The top 12 in Chase wins and points will remain in contention into the "Contender Round," which starts with the fourth race of the Chase at Kansas Speedway and ends two weeks later at Talladega. Then eight drivers make the "Eliminator Round" starting at Martinsville and ending at Phoenix. Miami is a round all its own -- the "Championship Round" -- with the four surviving drivers from the "Eliminator Round" in a one-race shootout, with the driver who finishes ahead of the other three winning the title.

Got it? Good.

For Keselowski, this season has been a return to the form he used to win the championship in 2012 after missing the Chase last season, and the win-and-advance formula certainly should be an advantage for a team that has been strong all season.

So how does he think his team stacks up now compared to his breakthrough?

"I think we're a lot stronger right now, personally," he said. "I think we've been a threat to win more races.

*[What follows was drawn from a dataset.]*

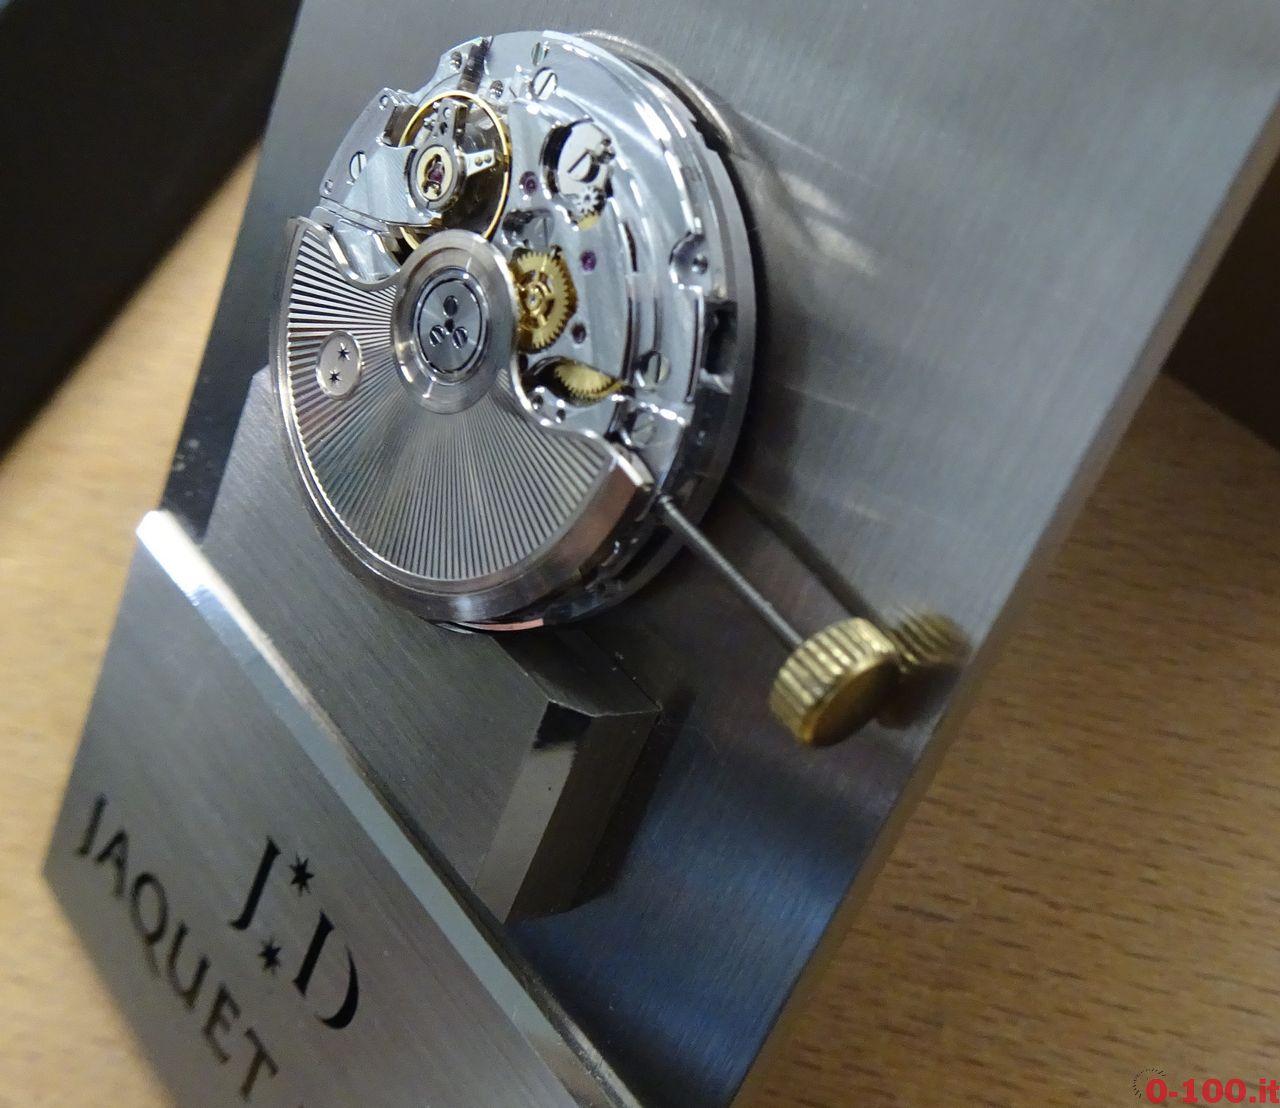 gli-speciali-di-0-100-it-jaquet-droz-la-manifattura-di-la-chaux-de-fonds_0-10064

We have one more race win than what we did entering the Chase in 2012.

"I feel more experienced and more confident. I feel like from a teammate standpoint, we have a very strong teammate [Joey Logano with three wins]. Having a great teammate isn't so much about the days where things are going your way; it's about the days and weekends when things aren't going your way, having someone else to lean on and find your sanity back. We certainly had some of those days in 2012. We have a teammate and a scenario there across the board where that team has gotten very, very strong and is part of our success. I think for a lot of reasons. I could go on forever.

"I'm sure I'm leaving some things out, that's not because they don't exist, but I feel stronger than what we've ever been."

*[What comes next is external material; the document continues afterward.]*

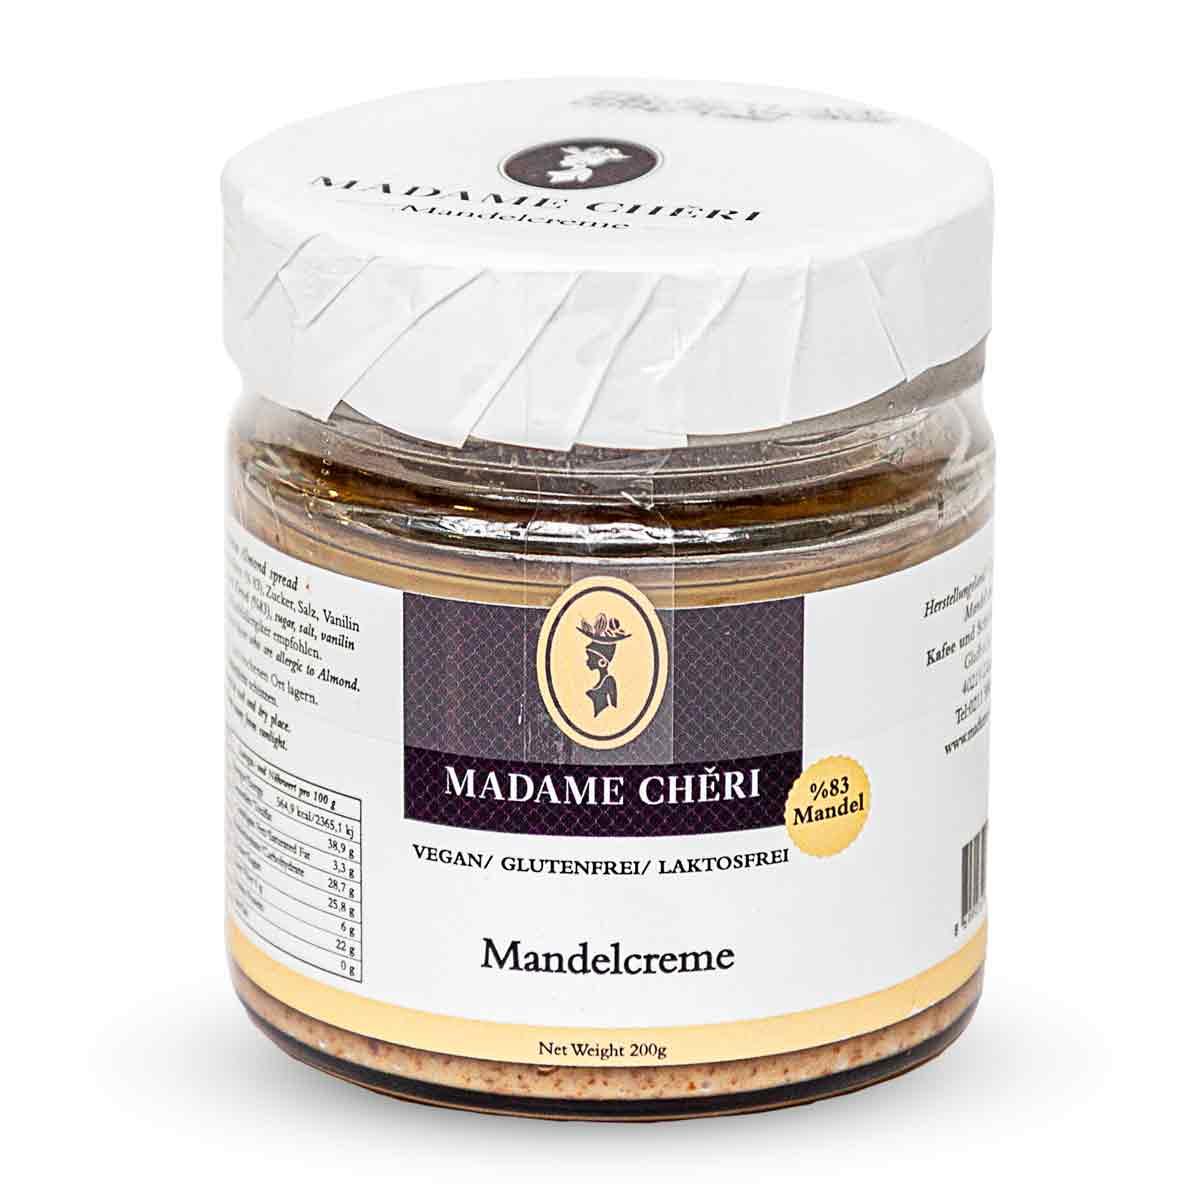 Madame Chêri - Mandelcreme (83%) - vegan

NASCAR has to be left wondering what might have been. Two drivers who missed the Chase, Clint Bowyer and Jamie McMurray, ran in the top 10 most of the night, but neither had anything to challenge Keselowski.

So what NASCAR hoped would turn into a scintillating battle to make the Chase by as many as 16 drivers ended up with the two drivers in on points before the race started -- but still in jeopardy of falling out -- being the final two drivers to make the Chase based on points.

Ryan Newman and Greg Biffle were certainly happy to be in the championship conversation leaving Richmond.

"I tell you what, when you are that far off [the setup], it is the hardest thing in the world to drive," said Biffle, who finished 19th and made the Chase by seven points over Bowyer. "Those guys that ran up in the top five probably didn't break a sweat, but I tell you what, this is the toughest thing I've ever had to do in my life, driving and trying to stay in the top 20 like this.

"At the beginning of the race, we were a lot better than we were at the end. We kept losing the handle and trying to adjust on it but weren't getting anywhere. I drove all I had, and that is all I could do to bring it home where I did."

Six-time and defending champion Jimmie Johnson managed to finish eighth, but his story took a turn as soon as the race ended when he laid on the ground and then sat slumped against his car. He was taken to the infield medical center and treated for dehydration. He was released just after midnight ET.

So it's on to Chicagoland, where it's win one of the next three races and advance or score more points than four other drivers in the next three races and advance. Not much different than the regular season when you think about it.

And you can bet Keselowski -- and everyone now chasing him -- is thinking about it.